Because most longwave radio frequencies were used for international radiotelegraph communication, a majority of early broadcasting stations operated on mediumwave frequencies, whose limited range generally restricted them to local audiences. One method for overcoming this limitation, as well as a method for sharing program costs, was to create radio networks, linking stations together with telephone lines to provide a nationwide audience.

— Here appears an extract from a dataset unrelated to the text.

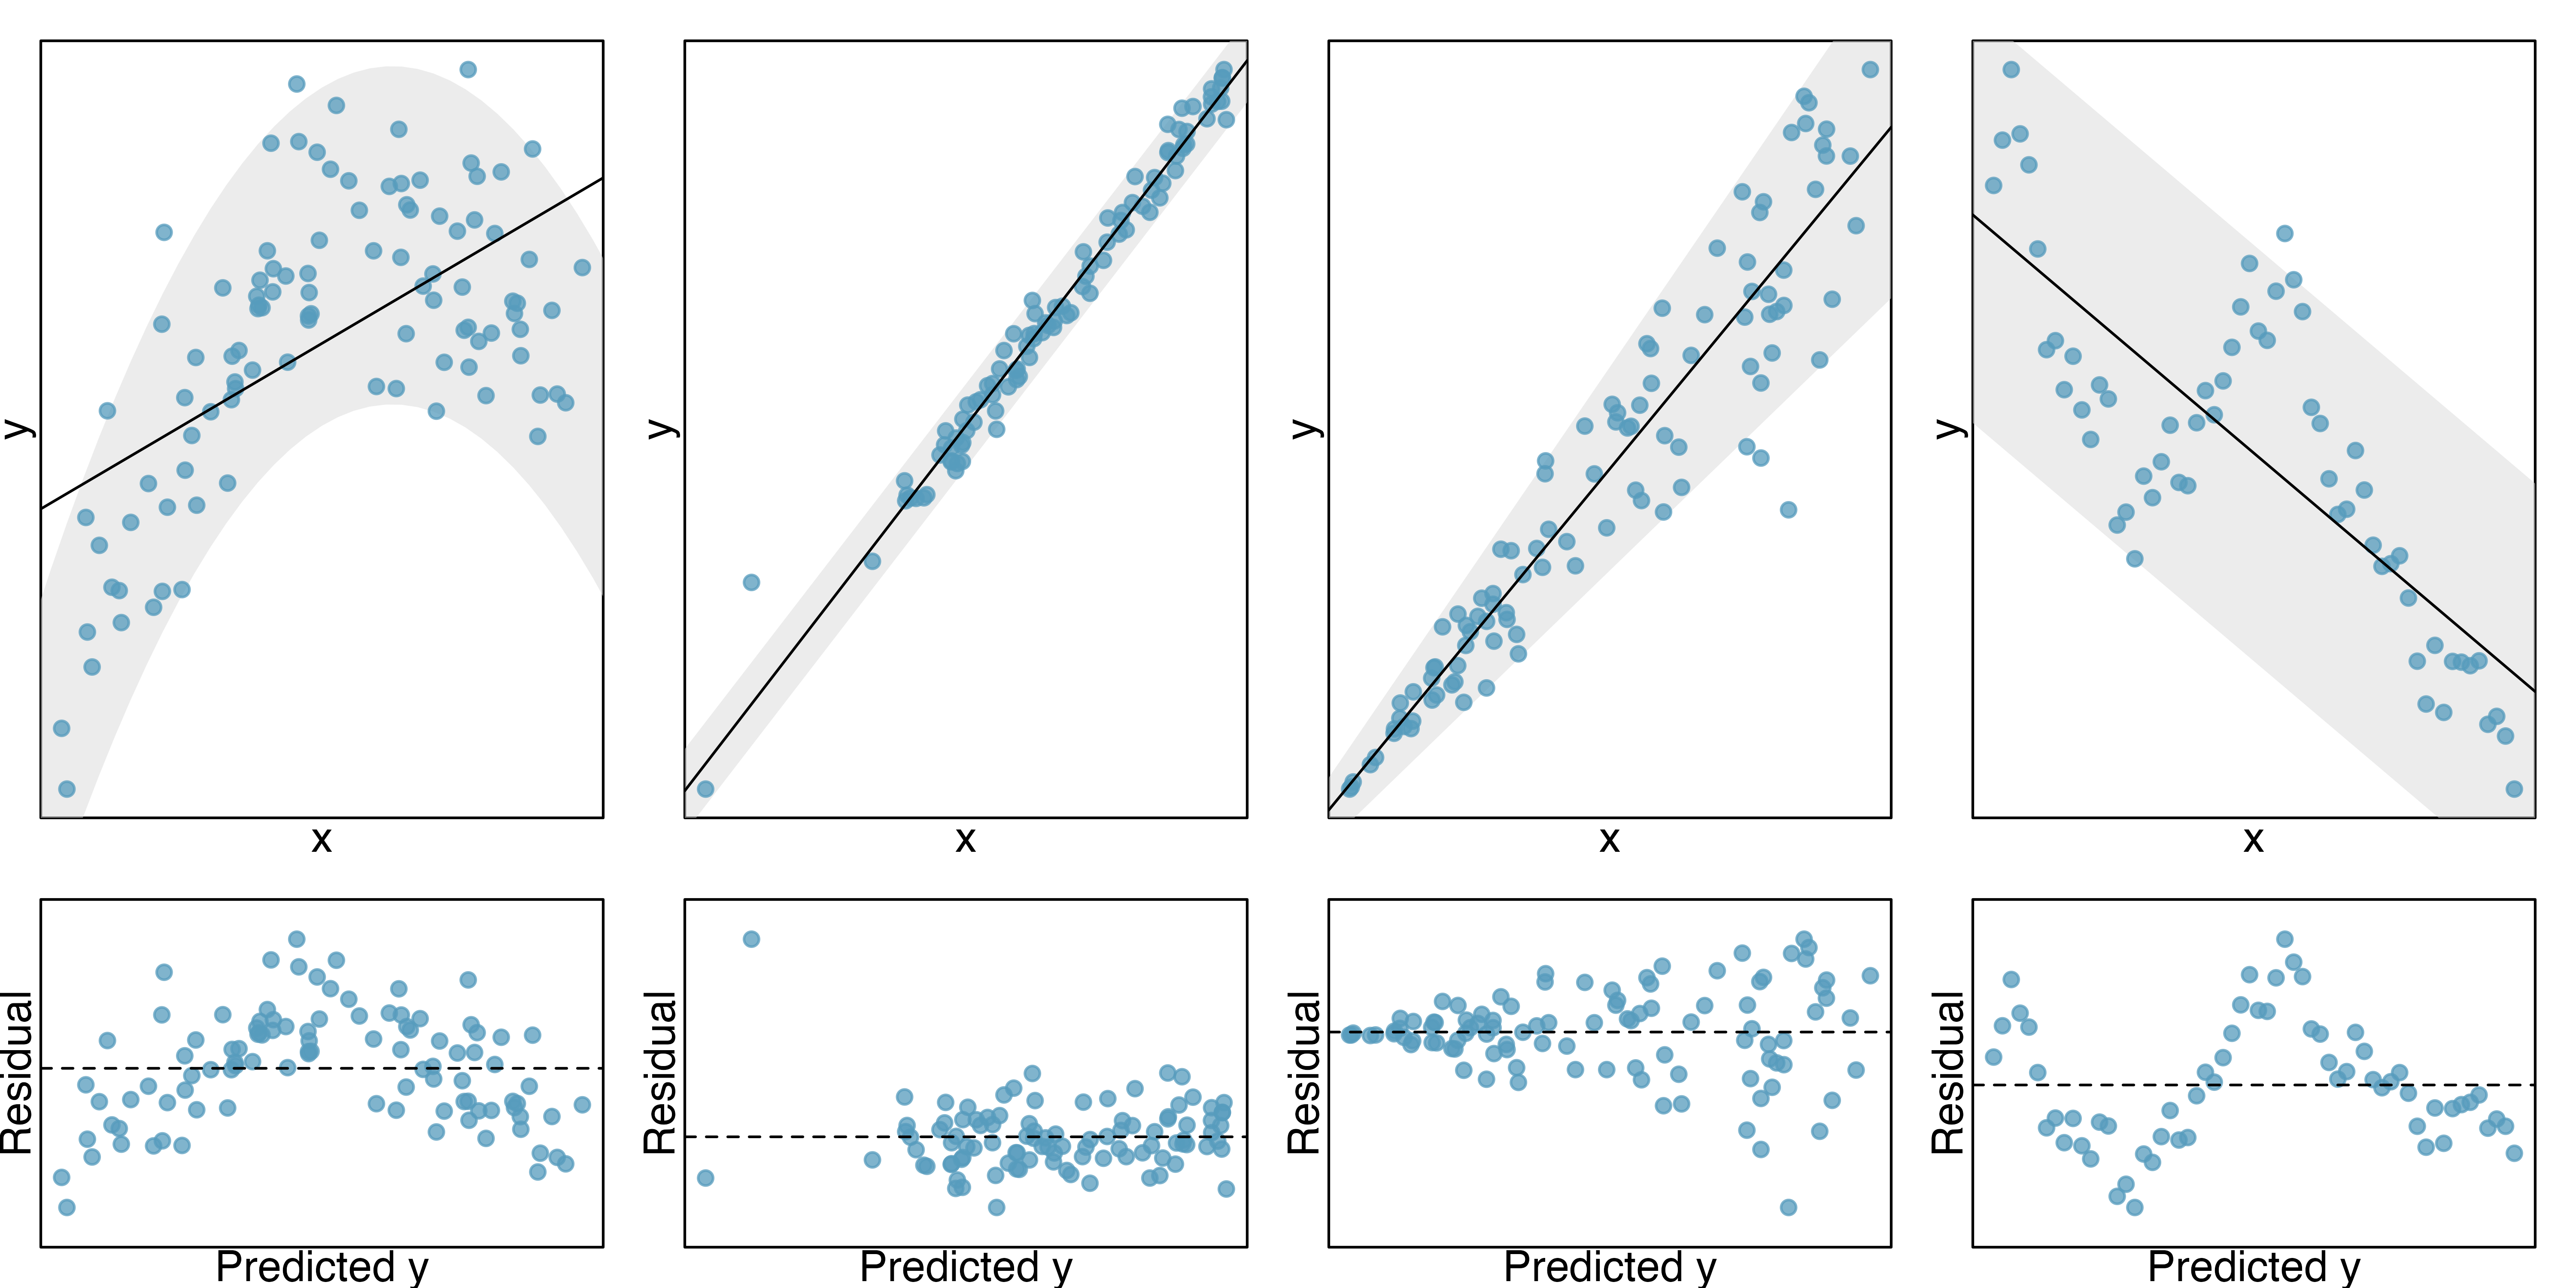 A grid of 2 by 4 scatterplots with fabricated data.  The top row of plots contains original x-y data plots with a least squares regression line. The bottom row of plots is a series of residual plot with predicted value on the x-axis and residual on the y-axis.  The first column of plots gives an example of points that have a quadratic relationship instead of a linear relationship. The second column of plots gives an example where a single outlying point does not fit the linear model.  The third column of points gives an example where the points have increasing variability as the value of x increases. The last column of points gives an example where the points are correlated with one another, possibly as part of a time series.

In the U.S., the American Telephone and Telegraph Company (AT&T) was the first organization to create a radio network, and also to promote commercial advertising, which it called "toll" broadcasting. Its flagship station, WEAF (now WFAN) in New York City, sold blocks of airtime to commercial sponsors that developed entertainment shows containing commercial messages. AT&T held a monopoly on quality telephone lines, and by 1924 had linked 12 stations in Eastern cities into a "chain". The Radio Corporation of America (RCA), General Electric and Westinghouse organized a competing network around its own flagship station, RCA's WJZ (now WABC) in New York City, but were hampered by AT&T's refusal to lease connecting lines or allow them to sell airtime. In 1926 AT&T sold its radio operations to RCA, which used them to form the nucleus of the new NBC network. By the 1930s, most of the major radio stations in the country were affiliated with networks owned by two companies, NBC and CBS. In 1934, a third national network, the Mutual Radio Network was formed as a cooperative owned by its stations.
A second country which quickly adopted network programming was the United Kingdom, and its national network, quickly became a prototype for a state-managed monopoly of broadcasting. A rising interest in radio broadcasting by the British public pressured the government to reintroduce the service, following its suspension in 1920. However, the government also wanted to avoid what it termed the "chaotic" U.S. experience of allowing large numbers of stations to operate with few restrictions. There were also concerns about broadcasting becoming dominated by the Marconi company. Arrangements were made for six large radio manufacturers to form a consortium, the British Broadcasting Company (BBC), established on 18 October 1922, which was given a monopoly on broadcasting. This enterprise was supported by a tax on radio sets sales, plus an annual license fee on receivers, collected by the Post Office. Initially the eight stations were allowed regional autonomy. In 1927, the original broadcasting organization was replaced by a government chartered British Broadcasting Corporation. an independent nonprofit supported solely by a 10 shilling receiver license fee. A mixture of populist and high brow programmes were carried by the National and Regional networks.
"Golden Age of Radio"
The period from the 1920s to the 1940s is often called the "Golden Age of Radio". During this period AM radio was the main source of home entertainment, until it was replaced by television. For the first time entertainment was provided from outside the home, replacing traditional forms of entertainment such as oral storytelling and music from family members. New forms were created, including radio plays, mystery serials, soap operas, quiz shows, variety hours, situation comedies and children's shows. Radio news, including remote reporting, allowed listeners to be vicariously present at notable events.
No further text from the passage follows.